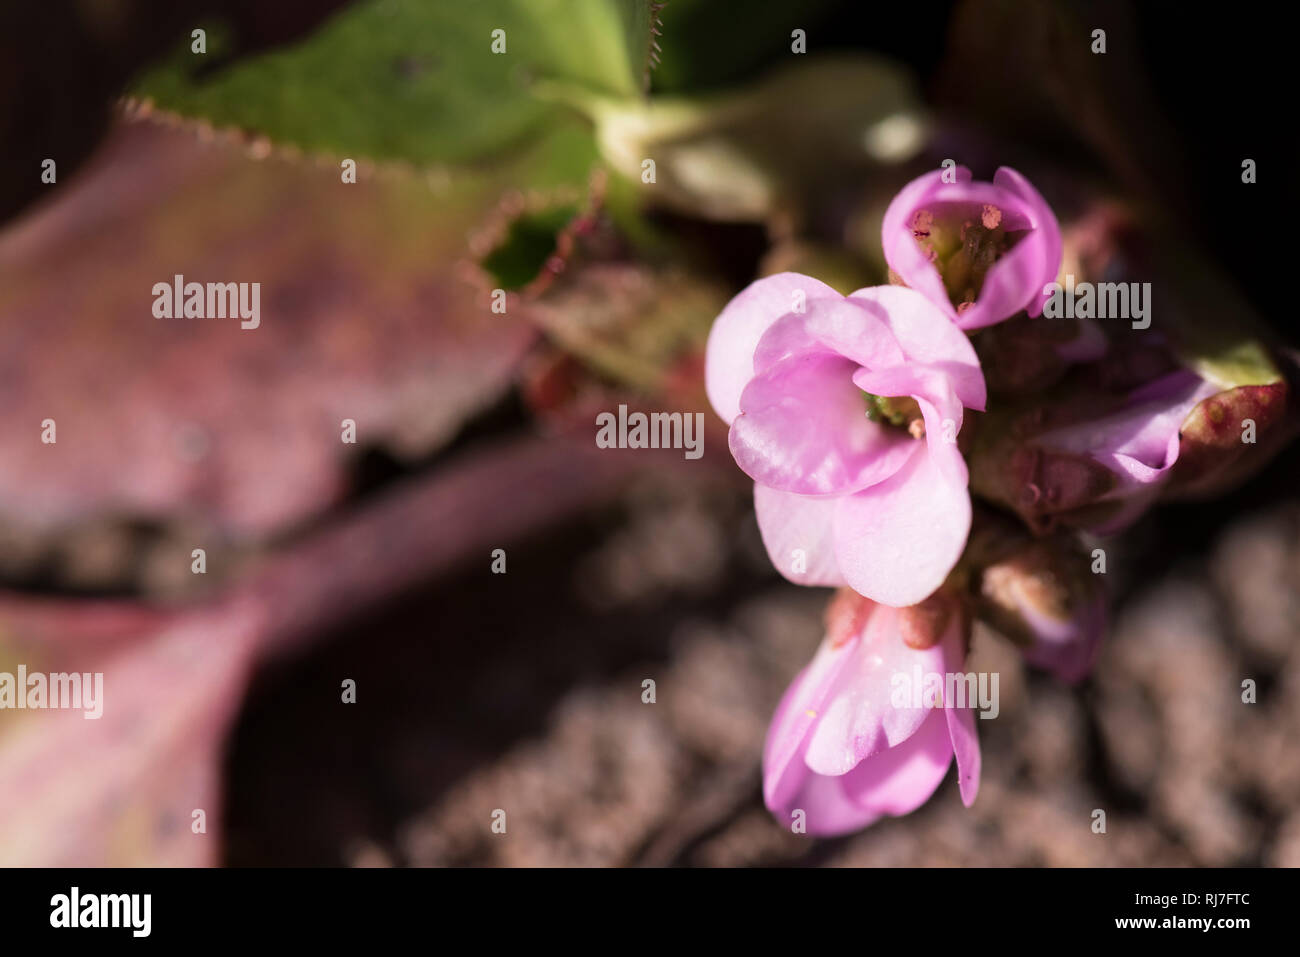 Frühblüher in der Natur, Zierrhabarber Blüten, close-up Stock Photo
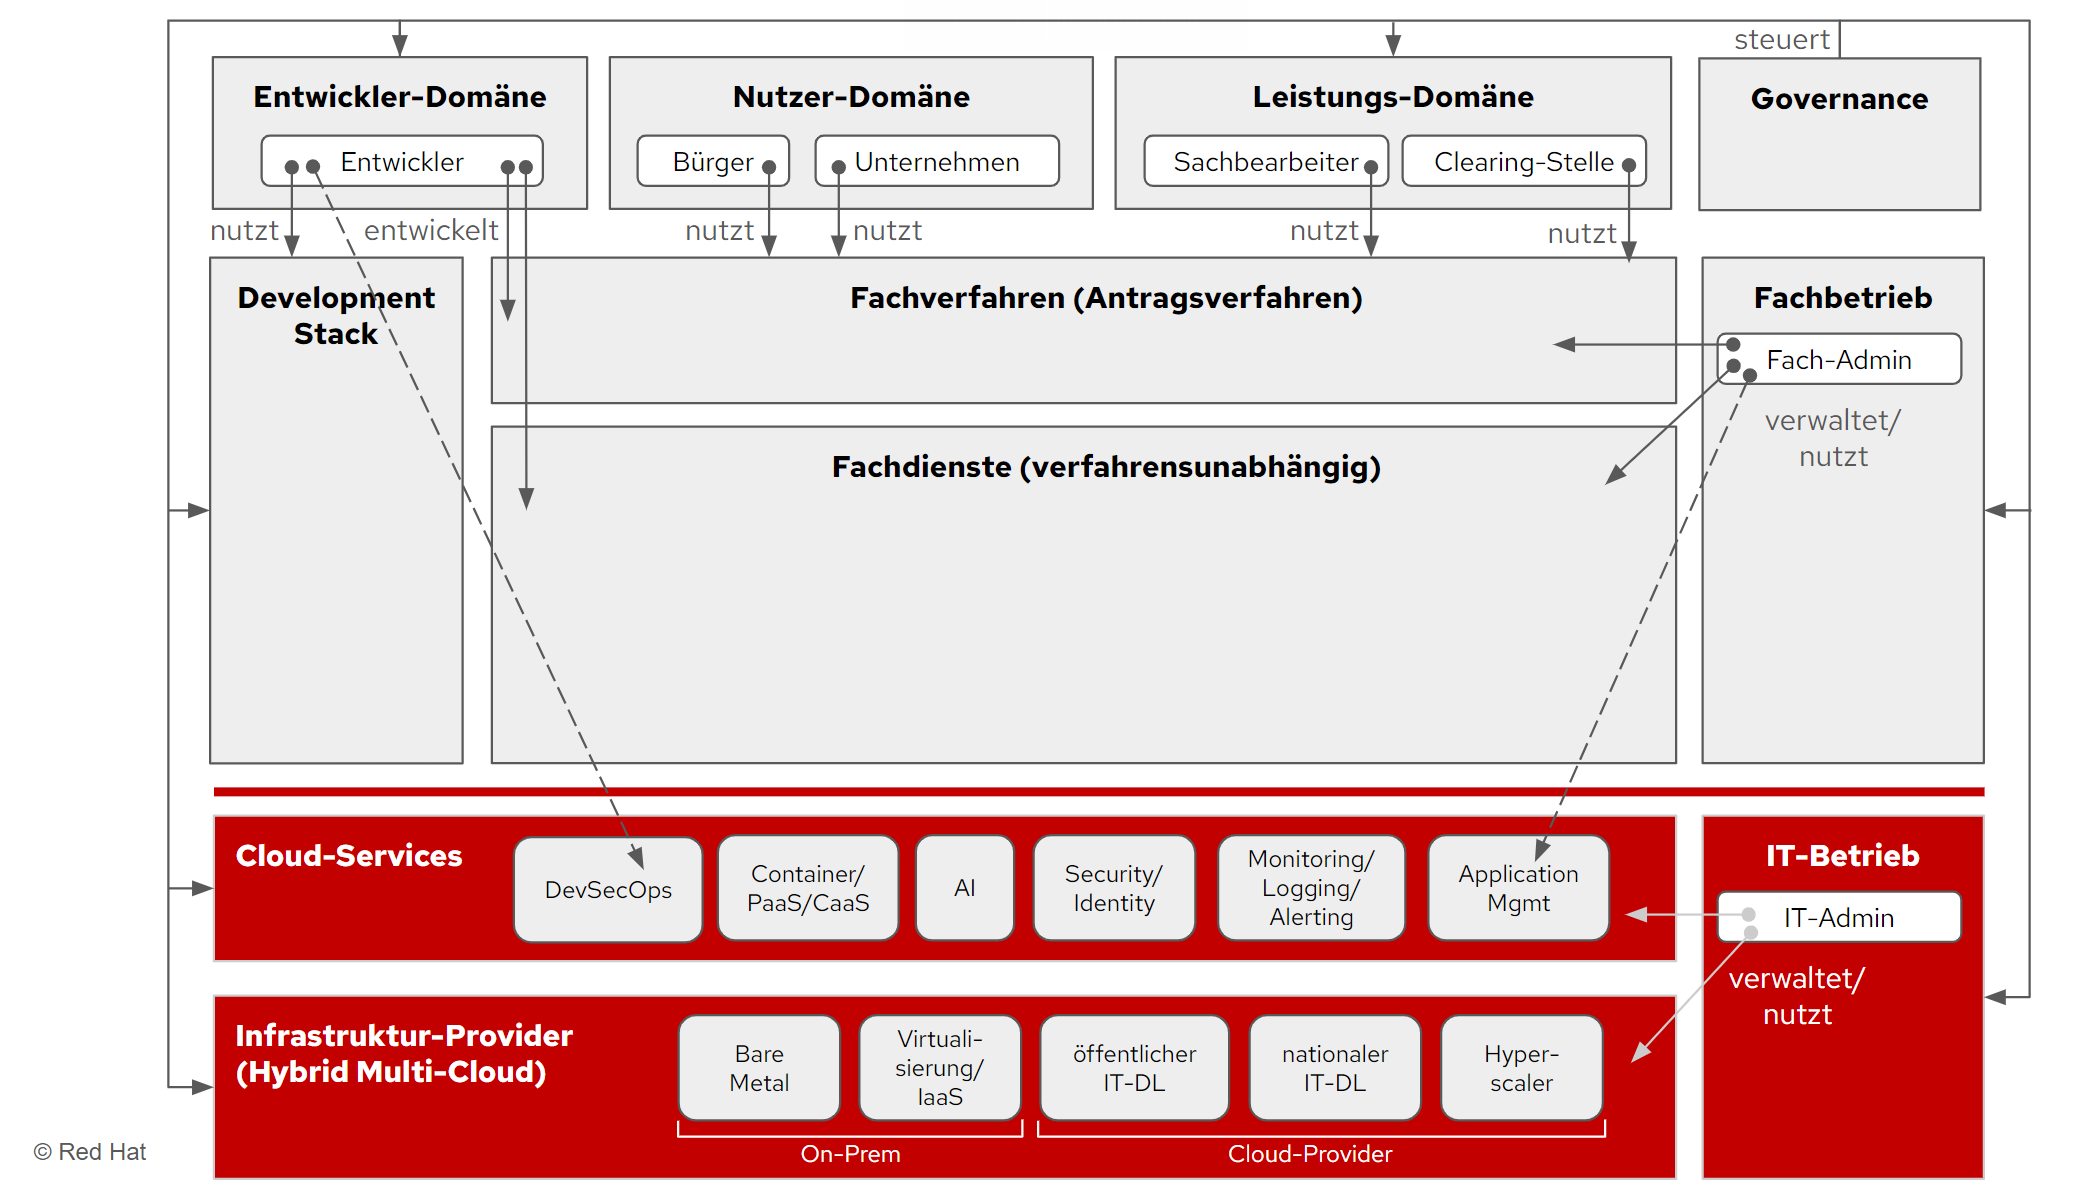 Entwurf_Systematik_technische_OZG_Rahmenarchitektur
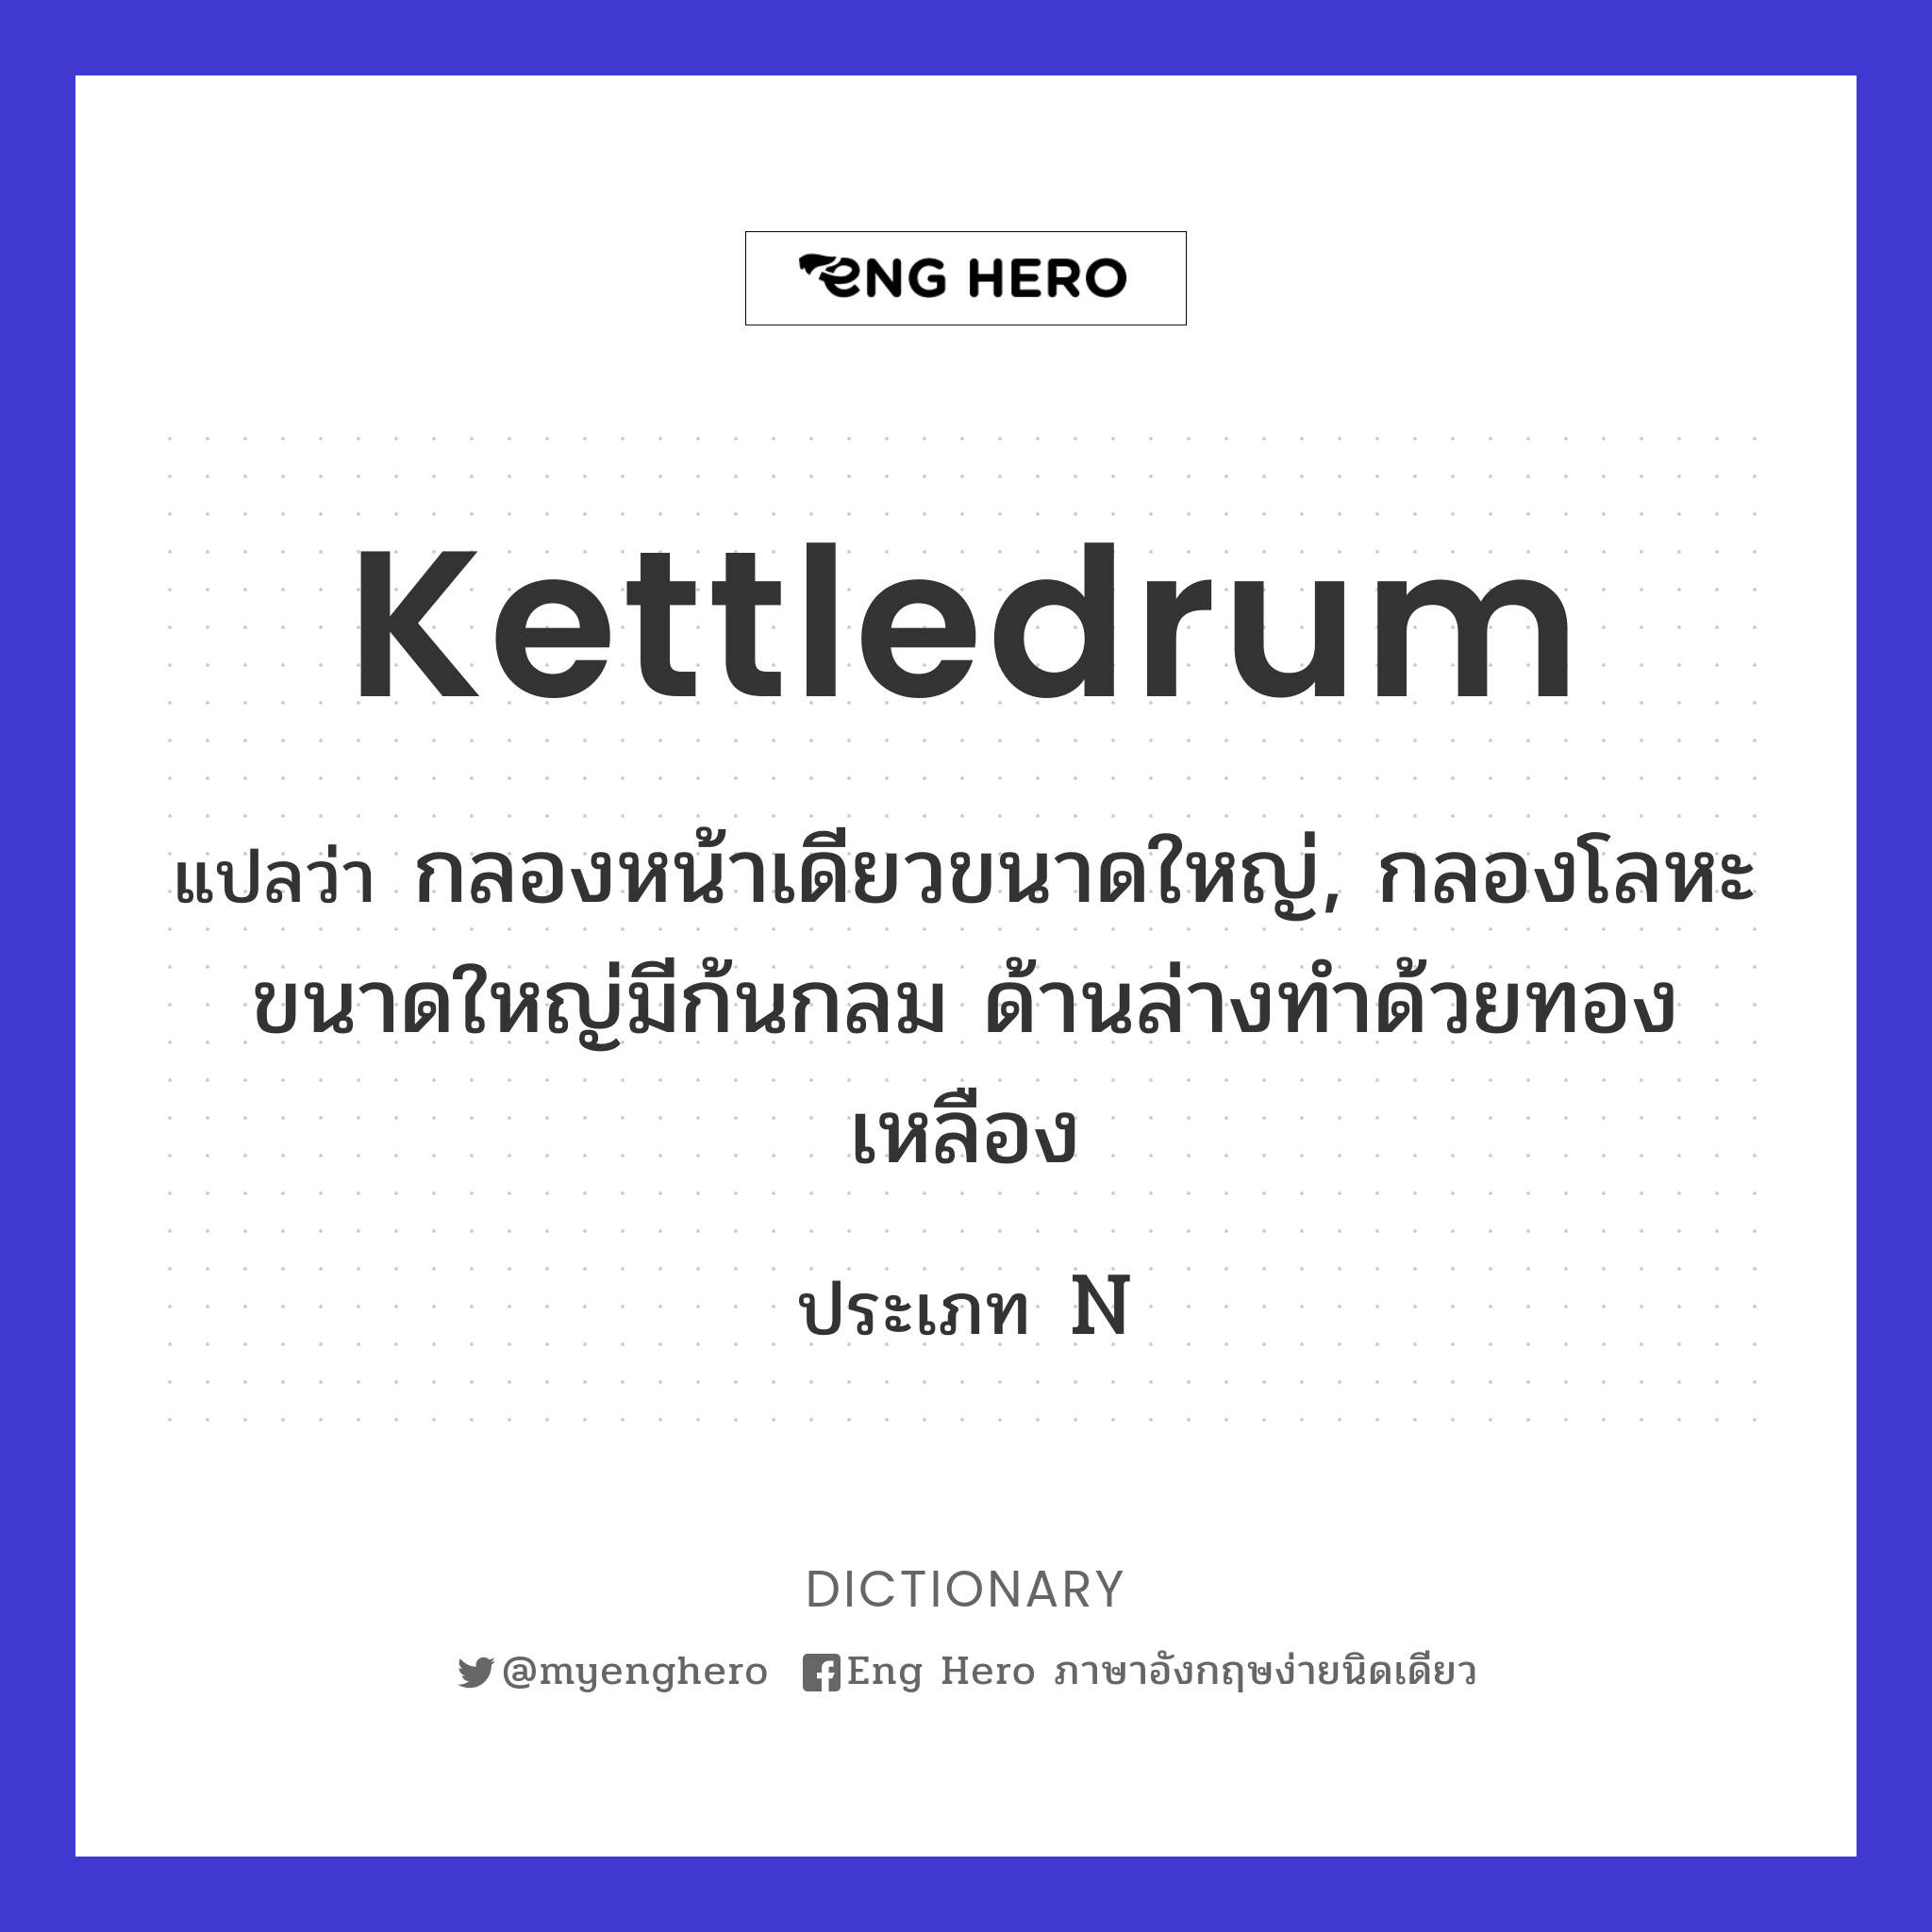 kettledrum
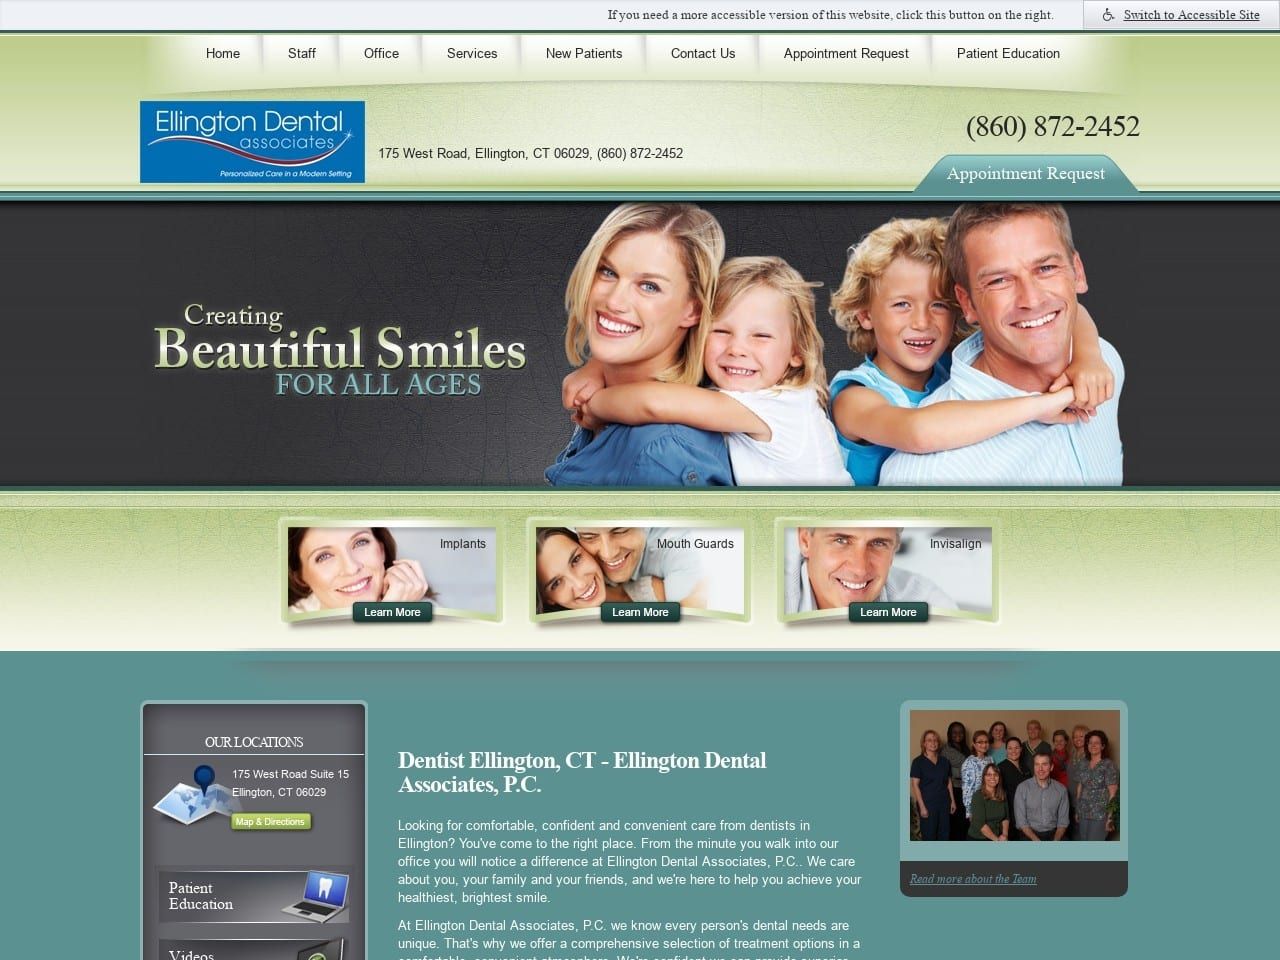 Ellington Dental Associates P.C. Website Screenshot from ellingtondental.com

******************************

**WHAT IS REQUIRED:** Images are to be left out; everything else in the material must be written out exactly.

**TASK ANSWER:**
 Frühblüher in der Natur, Zierrhabarber Blüten, close-up Stock Photo
 Entwurf_Systematik_technische_OZG_Rahmenarchitektur
 kettledrum
 Ellington Dental Associates P.C. Website Screenshot from ellingtondental.com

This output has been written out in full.